→ About this task: Repeat the listing below exactly. Pictures do not belong in the copy.

→ Data excerpt:
-=-=-=-=-

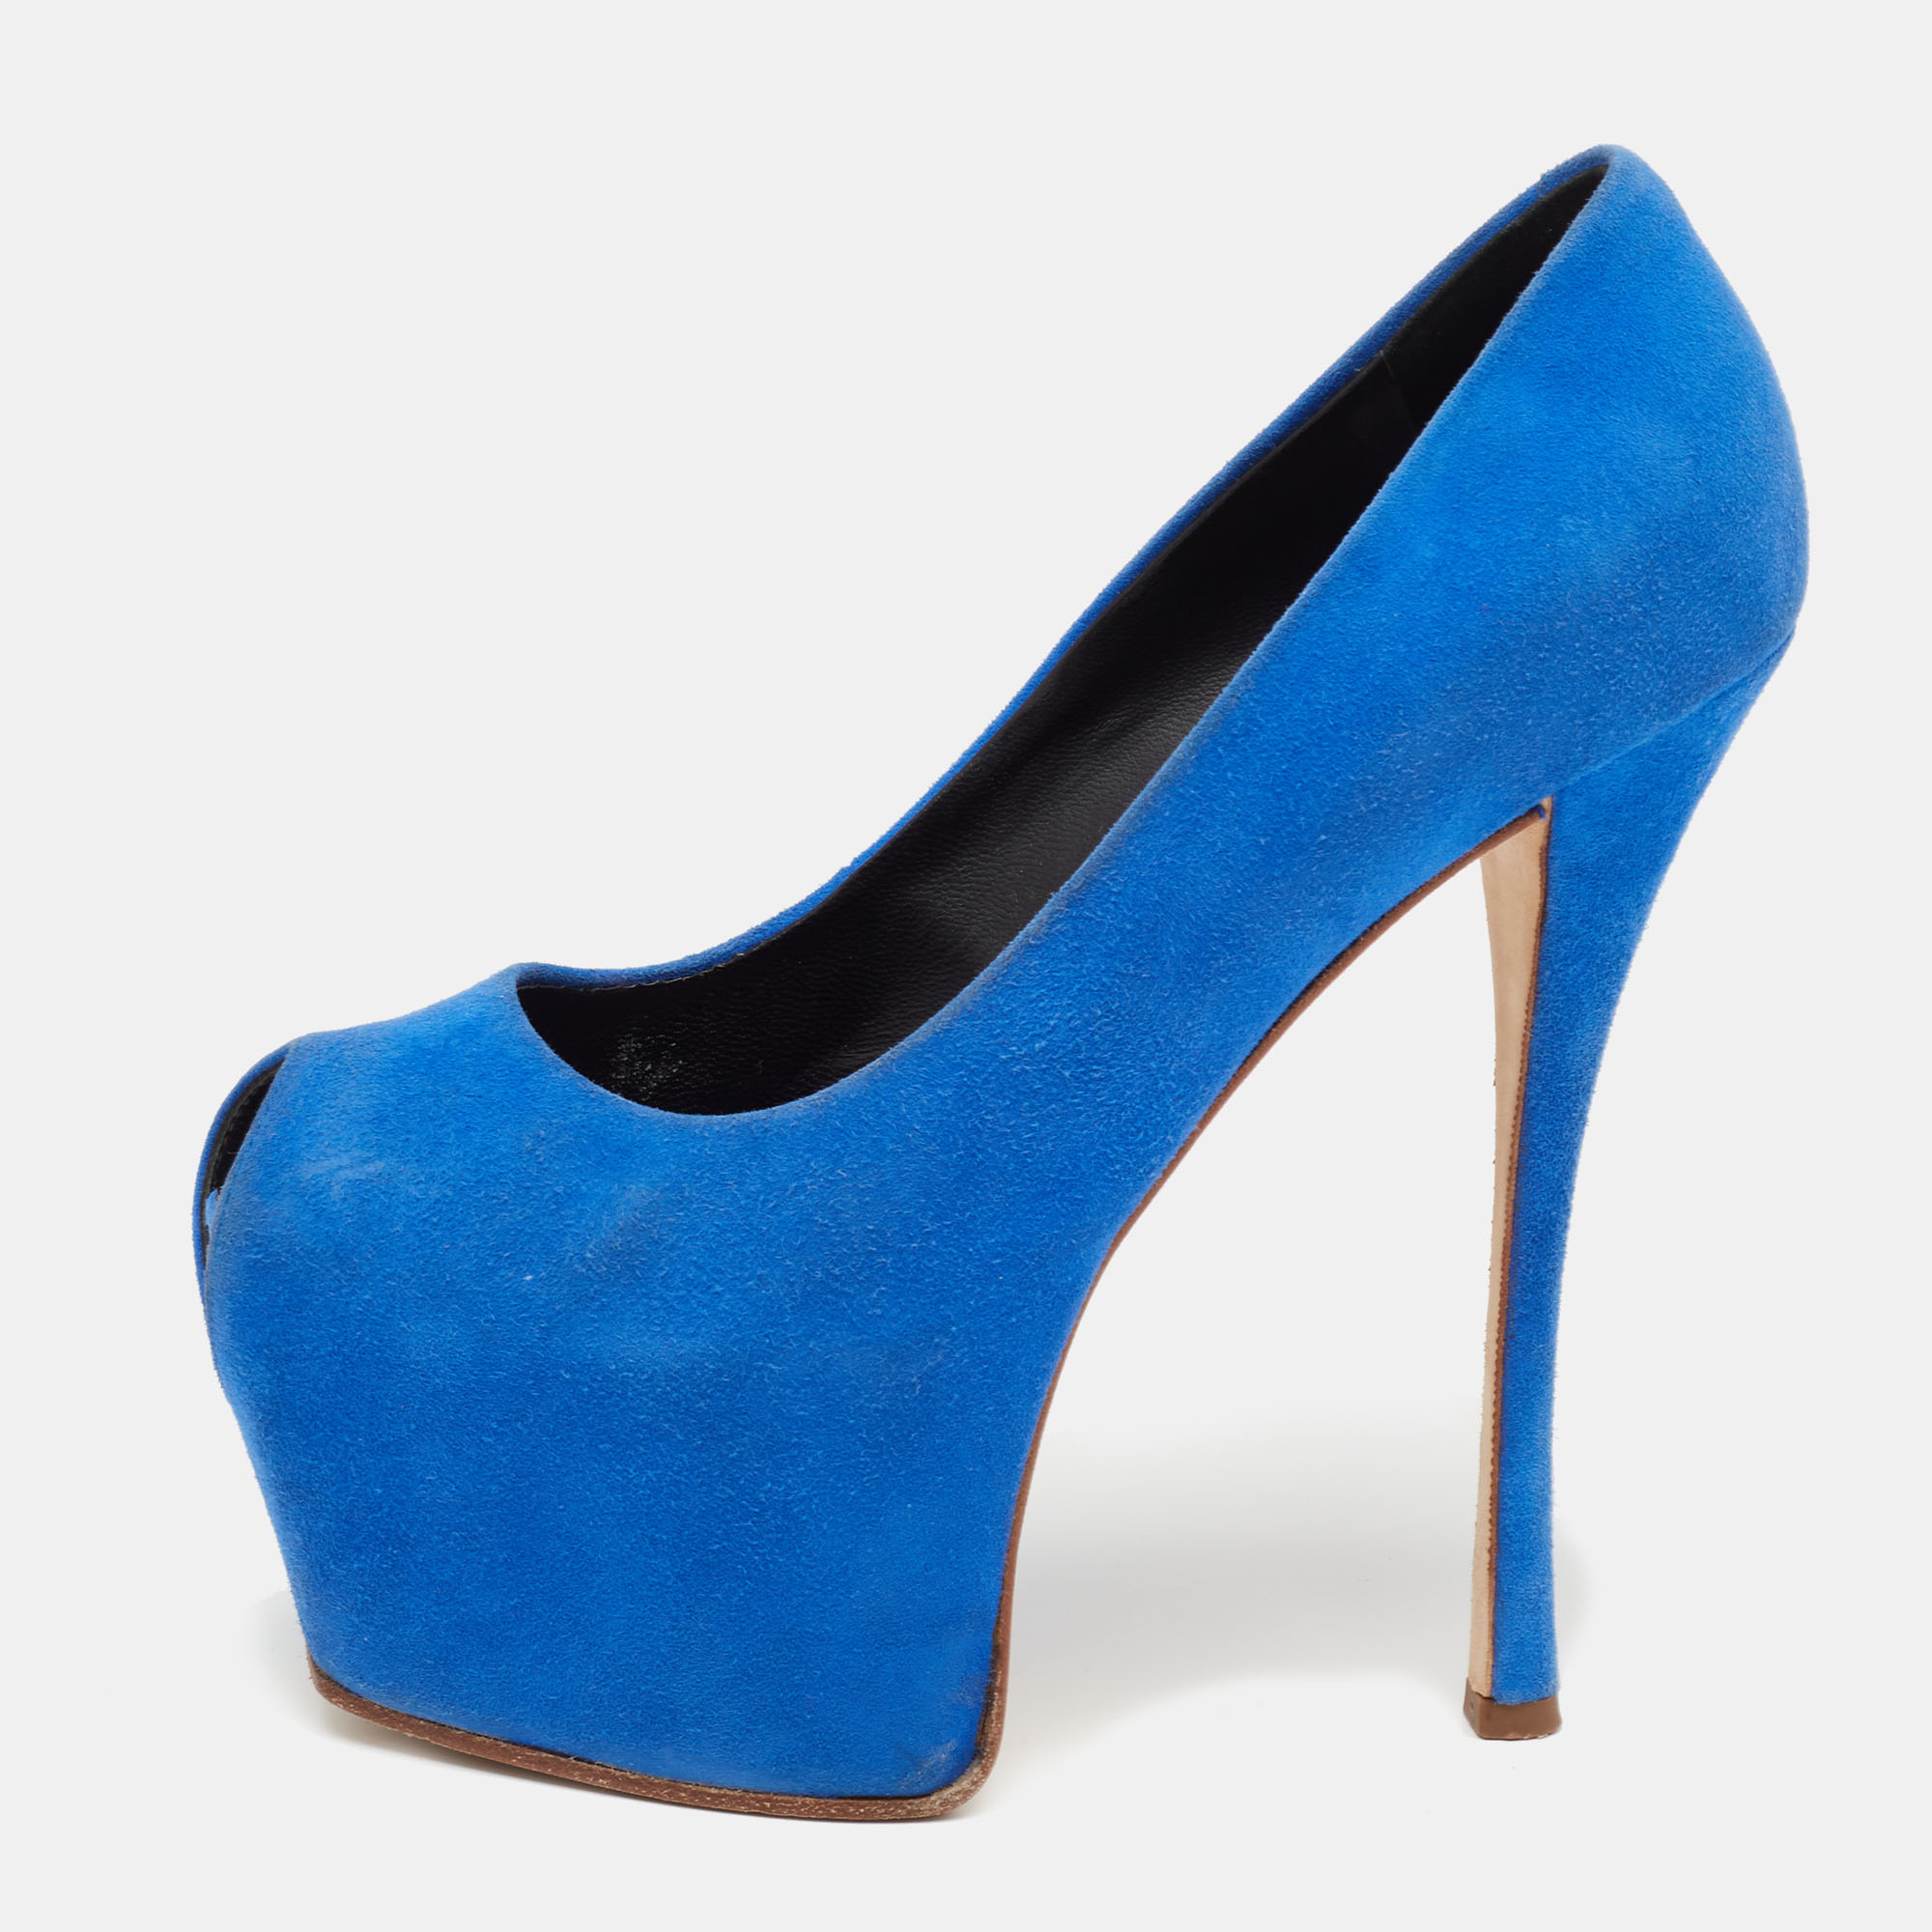 You can never go wrong with these stunning Giuseppe Zanotti pumps. Crafted in Italy they are made from suede and come in a lovely shade of blue. They are styled with peep toes platforms 15 cm heels and a good fit. They are finished with leather insoles and soles.
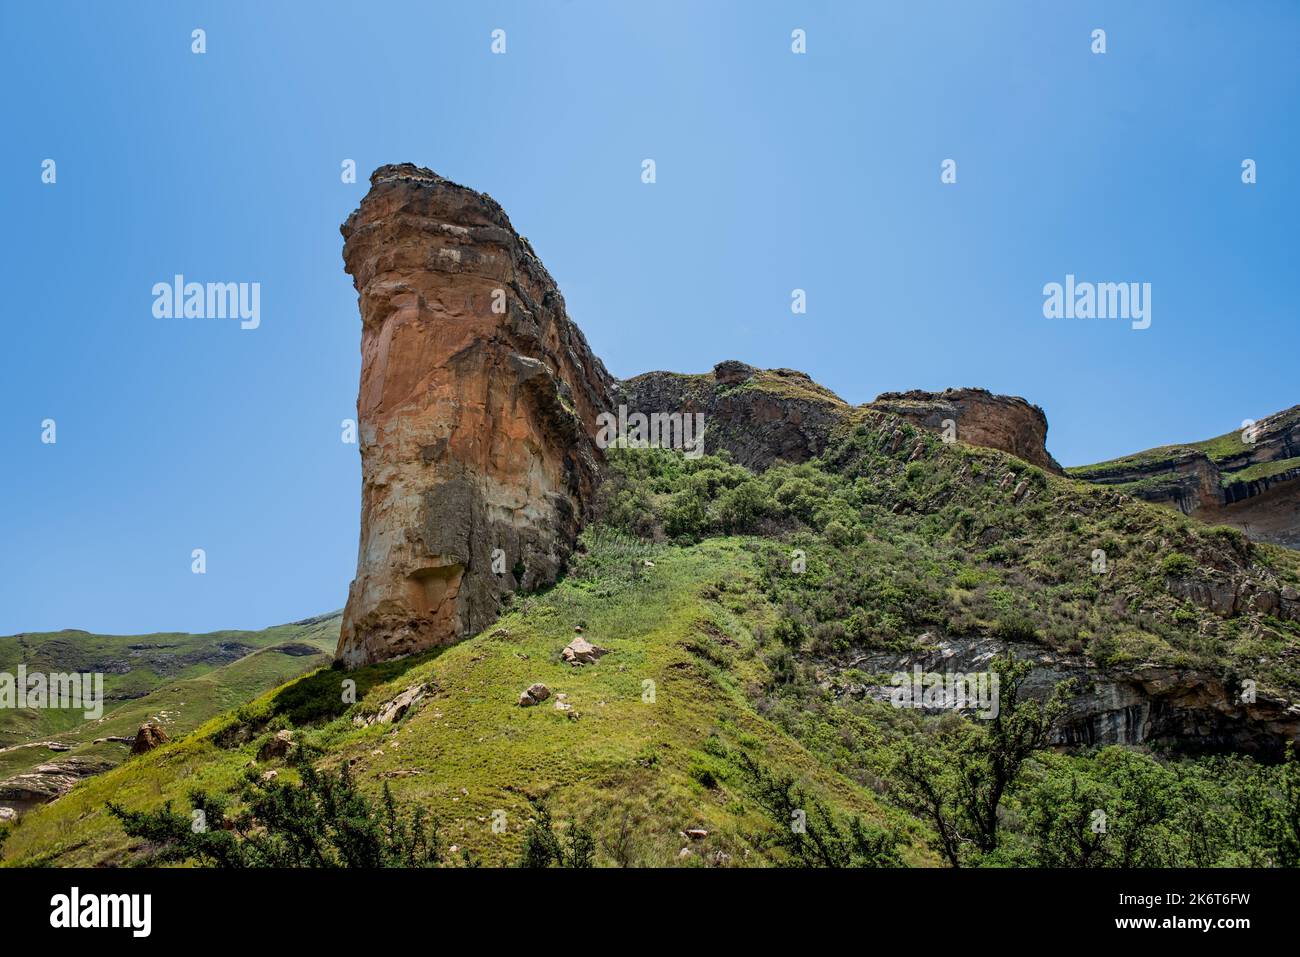 The Brandwag Buttress (Sentinel) in Golden Gate Highlands National Park, a nature reserve belonging to the Drakensberg mountain range in South Africa. Stock Photo
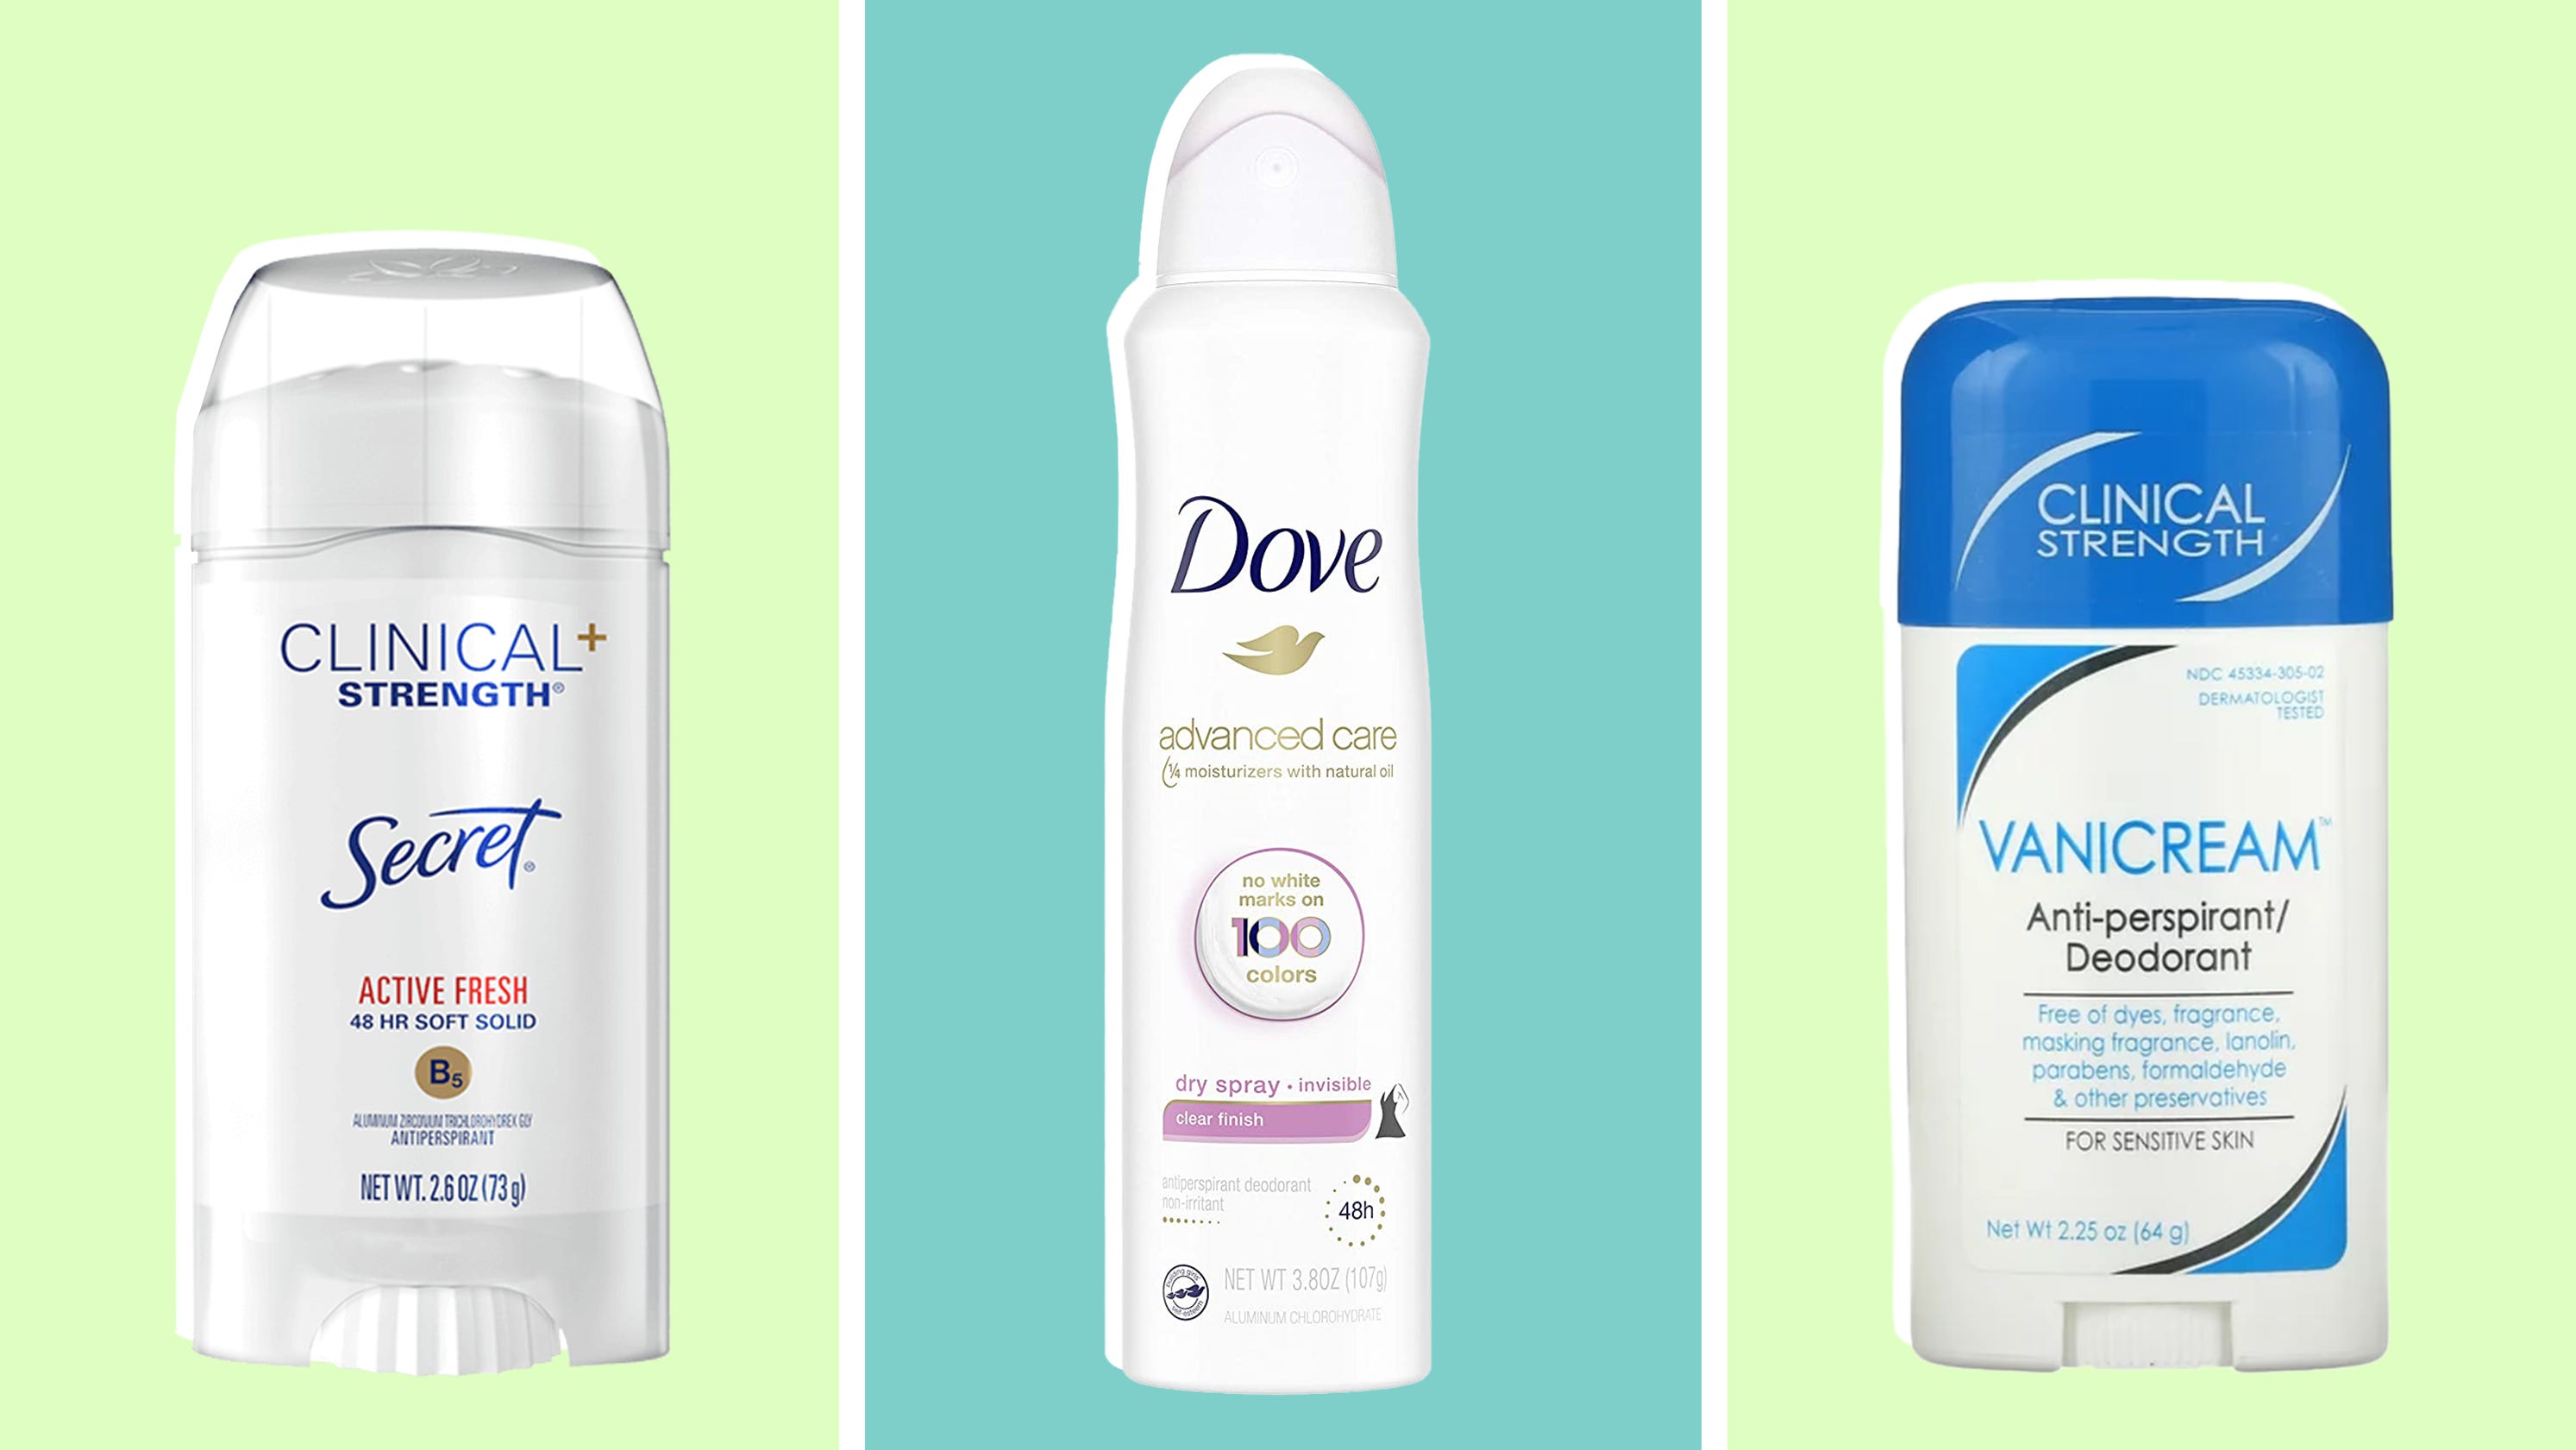 popular deodorants: Stop sweat with options from Degree

-=-=-=-=-

→ Result of the exercise:
 You can never go wrong with these stunning Giuseppe Zanotti pumps. Crafted in Italy they are made from suede and come in a lovely shade of blue. They are styled with peep toes platforms 15 cm heels and a good fit. They are finished with leather insoles and soles.
 The Brandwag Buttress (Sentinel) in Golden Gate Highlands National Park, a nature reserve belonging to the Drakensberg mountain range in South Africa. Stock Photo
 popular deodorants: Stop sweat with options from Degree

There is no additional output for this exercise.